== Task to carry out ==
Go through the entries and copy every line that has the string "long" in it.

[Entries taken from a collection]
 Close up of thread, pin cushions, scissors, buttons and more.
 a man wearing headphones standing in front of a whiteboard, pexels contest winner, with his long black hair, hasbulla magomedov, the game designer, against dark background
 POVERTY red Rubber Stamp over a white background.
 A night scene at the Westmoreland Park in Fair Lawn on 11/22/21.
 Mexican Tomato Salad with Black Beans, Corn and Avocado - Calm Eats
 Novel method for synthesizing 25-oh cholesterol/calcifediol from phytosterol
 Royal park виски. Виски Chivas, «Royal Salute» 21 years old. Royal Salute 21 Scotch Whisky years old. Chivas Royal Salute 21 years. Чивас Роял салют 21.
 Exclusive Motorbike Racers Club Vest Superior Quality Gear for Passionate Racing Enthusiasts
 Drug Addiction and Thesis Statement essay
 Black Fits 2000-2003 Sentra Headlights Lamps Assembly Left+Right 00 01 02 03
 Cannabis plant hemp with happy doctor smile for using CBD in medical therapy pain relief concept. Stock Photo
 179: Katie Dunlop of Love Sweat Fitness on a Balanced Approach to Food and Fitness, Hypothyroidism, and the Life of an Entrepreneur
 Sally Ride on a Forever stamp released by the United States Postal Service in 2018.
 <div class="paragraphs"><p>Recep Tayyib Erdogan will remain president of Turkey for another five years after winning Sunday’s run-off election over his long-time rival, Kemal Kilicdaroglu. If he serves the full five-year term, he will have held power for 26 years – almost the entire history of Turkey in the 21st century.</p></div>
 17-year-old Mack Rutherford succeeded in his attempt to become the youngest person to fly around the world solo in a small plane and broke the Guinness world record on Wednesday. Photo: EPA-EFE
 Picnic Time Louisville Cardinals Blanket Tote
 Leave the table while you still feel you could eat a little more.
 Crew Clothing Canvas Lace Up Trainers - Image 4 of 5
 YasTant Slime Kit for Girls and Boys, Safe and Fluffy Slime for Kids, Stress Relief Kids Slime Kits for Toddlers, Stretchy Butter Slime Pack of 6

== Answer to the problem ==
 a man wearing headphones standing in front of a whiteboard, pexels contest winner, with his long black hair, hasbulla magomedov, the game designer, against dark background
 <div class="paragraphs"><p>Recep Tayyib Erdogan will remain president of Turkey for another five years after winning Sunday’s run-off election over his long-time rival, Kemal Kilicdaroglu. If he serves the full five-year term, he will have held power for 26 years – almost the entire history of Turkey in the 21st century.</p></div>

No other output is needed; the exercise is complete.